Gruzinski, Colonel-Prince Elizbar (Ilya) (1790–1854): youngest son of George XII, last king of Georgia, and Queen Mariam. In 1827, at the age of thirty-seven, he married the daughter of Prince Gregory Petrovitch Obolensky, Princess Anastasia Grigoryevna Petrovitch Obolenskaya, who was born in Moscow September 25, 1805. The couple had five sons and eight daughters, including Anna Chavchavadze and Varenka Orbeliani.

Hadj Tasho al-Indiri: Chechen pretender to the imamat of Shamil in 1834, he would nonetheless join his ranks and participate in the battle of Akulgo.

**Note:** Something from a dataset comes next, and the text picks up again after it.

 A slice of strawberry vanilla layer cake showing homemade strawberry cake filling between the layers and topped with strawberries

Hadji Murat: foster brother of Omar, son of Pakkou-Bekkhe, queen of Kunzakh, assassinated by Shamil’s partisans. He passed over to the service of the Russians, then left them to return in 1851. Hero immortalized by Tolstoy.

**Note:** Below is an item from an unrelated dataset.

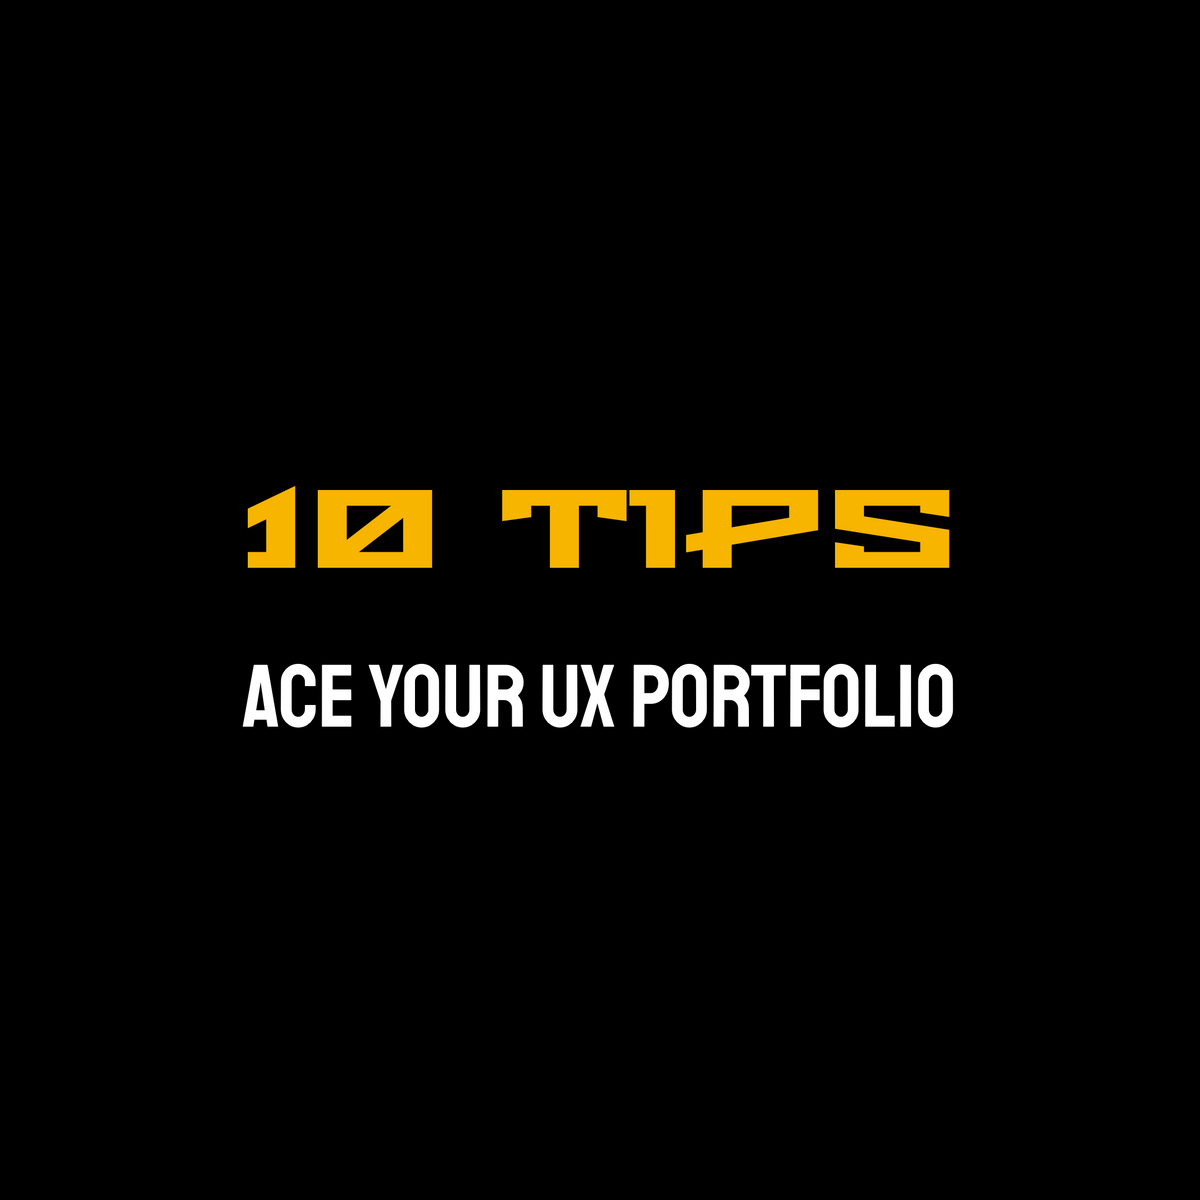 10 timeless tips to ace your UX portfolio

Hamzat Bek: second imam who served Shamil during the conquest of Kunzakh. He was assassinated in 1834 by Hadji Murat.

Hamzat: Shamil’s nephew, offered as a hostage during the 1837 siege of Tiliq.

Ibrahim al-Husayn: Shamil’s cousin, muezzin at Akulgo during the siege of 1839.

Jamal Eddin: Shamil’s first son, born June 15, 1831, in Ghimri, died July 12, 1858, in Soul-Kadi.

Jamaluddin al-Ghumuqi al-Husayni: Shamil’s mentor, who initially disagreed with the holy war but changed his position and placed all his influence behind Shamil during his election to imam in 1834.

Jawarat: second wife of Shamil, born in Ghimri in 1821, died at Akulgo in 1839.

Kaluga: city located about 100 miles south of Moscow, where Shamil and his family lived in exile from 1859 to 1869.

Karata: district given in 1851 to Shamil’s son Mohammed Ghazi, where Jamal Eddin was kept under house arrest in 1858.

Karimat: daughter of Daniyal Bek, wife of Mohammed Ghazi.

Khadji: Shamil’s house steward.

Khassav-Yurt: fort where Jamal Eddin stayed from January to March 1855, before the exchange. In 1858, one of Shamil’s men would come here seeking the services of a doctor for Jamal Eddin.

Khazi Mullah: close friend and companion at arms of Shamil. First imam of Dagestan, born in Ghimri in 1793, died in Ghimri in 1832.

Kunzakh: capital of the khans of Avaria and of Queen Pakkou-Bekkhe. Shamil stole the city’s treasure in 1834.

Kiselyev, Pavel Dmitrievitch (Moscow, July 8, 1788–Paris, November 14, 1872): friend of Czar Nicholas I, one of the only liberals at court and one of the most brilliant promoters of the emancipation of the serfs. Himself childless, he concerned himself with the education of his Milyutin nephews.

Klüge von Klugenau, General Franz Karlovitch: attacked Ghimri in 1832 and negotiated the peace of 1837. Participated in all the wars of the Caucasus.

Krasnoye Sielo: village located near Saint Petersburg where the grand military maneuvers took place in the summer. Jamal Eddin participated in them in 1849 and 1853.

Krestovaya: parade of the cross whose main feature is a huge crucifix installed by Yermolov on the military route to Georgia.

Lermontov, Mikhaïl Yurievitch (Moscow, 1814–Piatigorsk, Caucasus 1841): Russian writer exiled to the Caucasus for the publication of his poem on the death of Pushkin (The Death of the Poet, 1837). Frequent visitor at the Chavchavadze domain of Sinandali, he was killed in a duel July 15, 1841.

Machouk: home of Piotr Alexeyevitch Olenin (born in 1793, second son of Alexey Nicolaïevitch) and his wife, Maria (Macha Lvova, born in 1810), near Torjok in the province of Tver. Home where Elizaveta Petrovna Olenina (born February 26, 1832 at Torjok, known as Lisa or Lizok) grew up with her younger brothers and sisters, Alexis (born in 1833), Sergueï (1834), Tatiana (1836), and Nicholas (1838). Jamal Eddin spent all his free time at Machouk from 1852 to 1854.

Maria Nicolaïevna (1819–1879): grand duchess, eldest daughter of Nicholas I. Married the first time to Maximilian, Duke of Leuchtenberg in 1839, widowed in 1853. She was secretly engaged to Gregory Alexandrovitch Stroganov, without her father’s knowledge and with the complicity of Tatiana Borissovna Potemkina, in the church at Gostilitsy, but married for the second time only in 1856, after her father’s death.